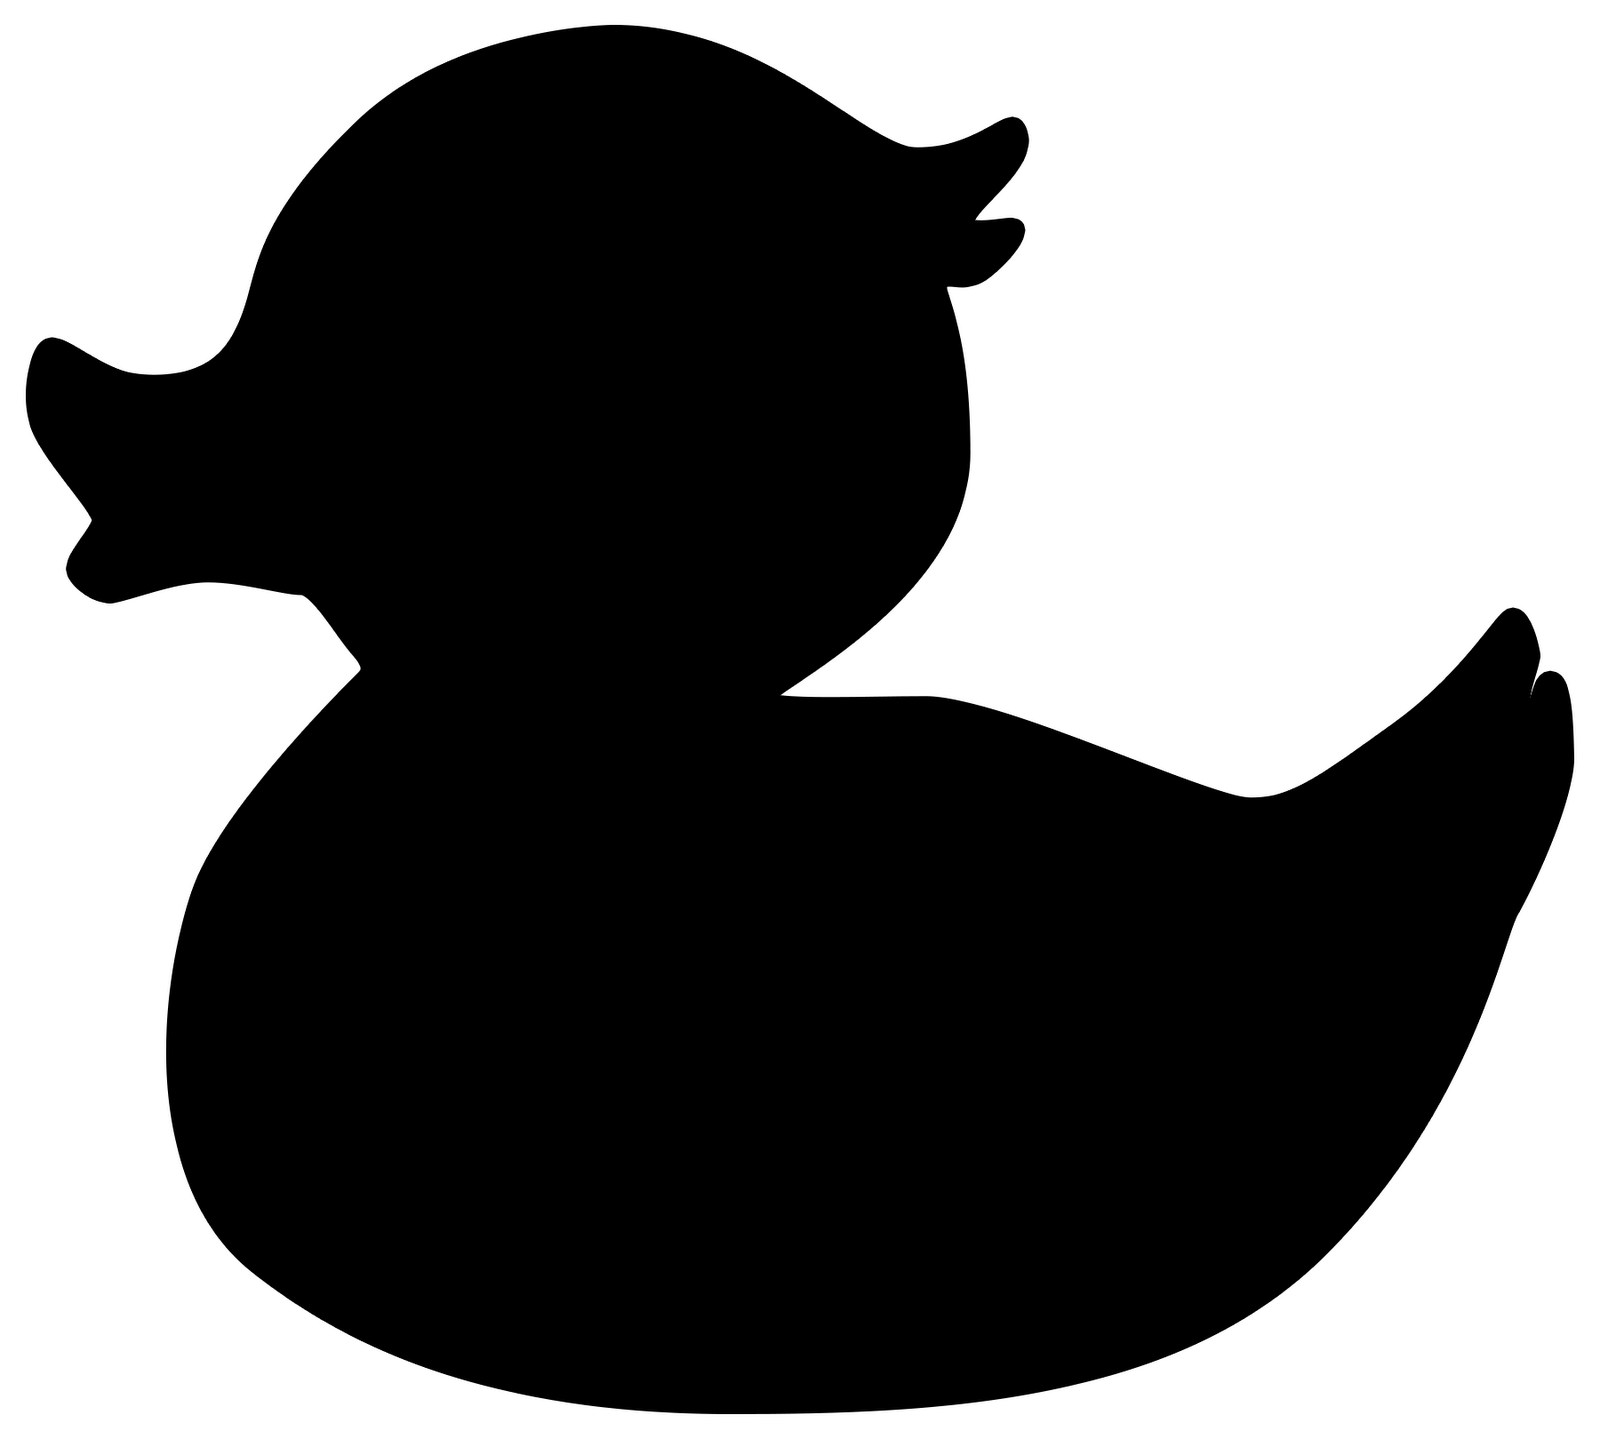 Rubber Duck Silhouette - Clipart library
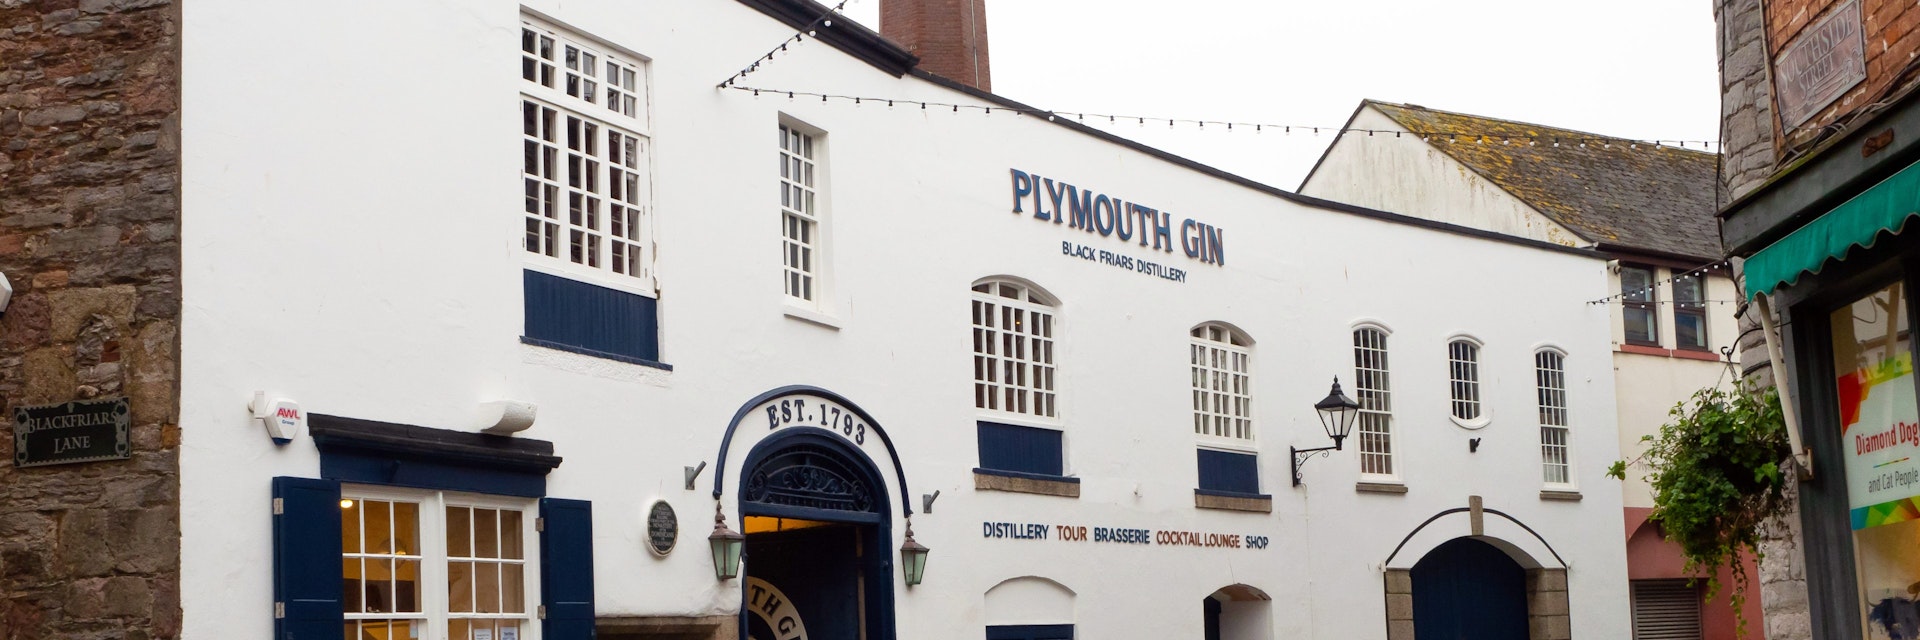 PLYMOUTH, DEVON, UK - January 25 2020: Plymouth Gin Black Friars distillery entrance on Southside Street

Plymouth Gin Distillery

--

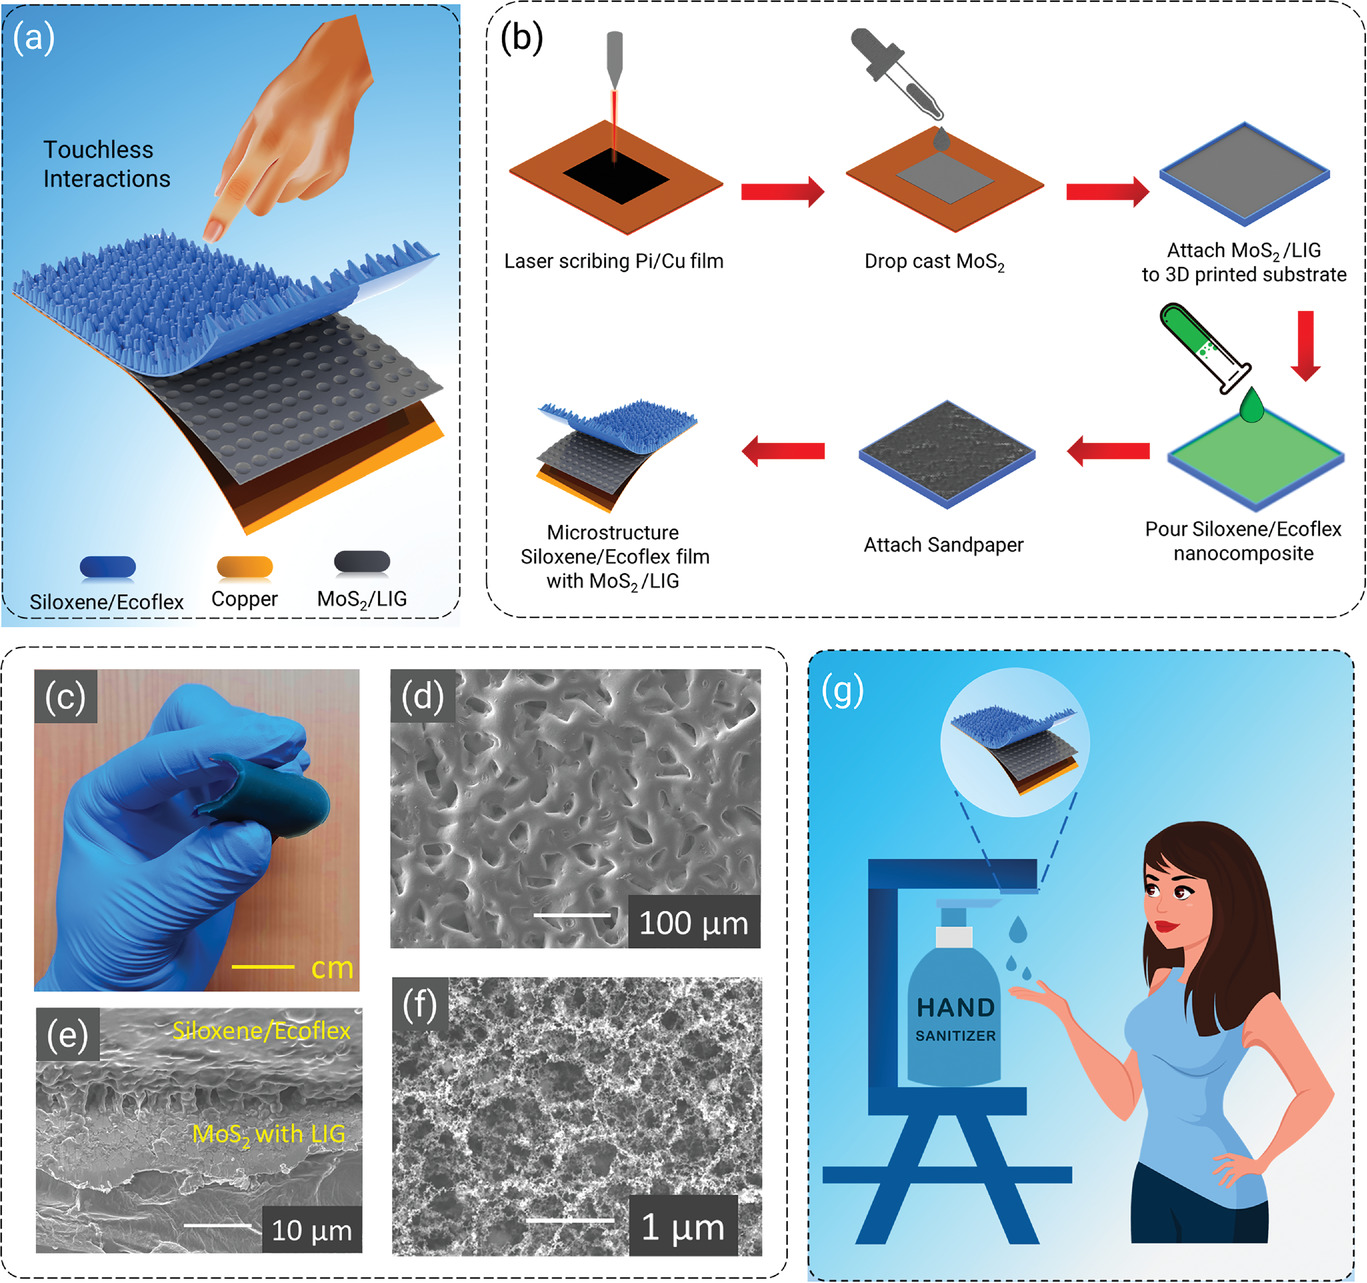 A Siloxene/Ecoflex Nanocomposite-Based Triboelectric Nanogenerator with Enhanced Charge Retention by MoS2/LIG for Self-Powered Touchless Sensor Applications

● **Problem to solve**: In the listing above, find the line containing "PLYMOUTH, DEVON, UK" and the line containing "Plymouth Gin Distillery". Reproduce those lines and all between them exactly, with no pictures and nothing more.

● **Output of the exercise**:
 PLYMOUTH, DEVON, UK - January 25 2020: Plymouth Gin Black Friars distillery entrance on Southside Street

Plymouth Gin Distillery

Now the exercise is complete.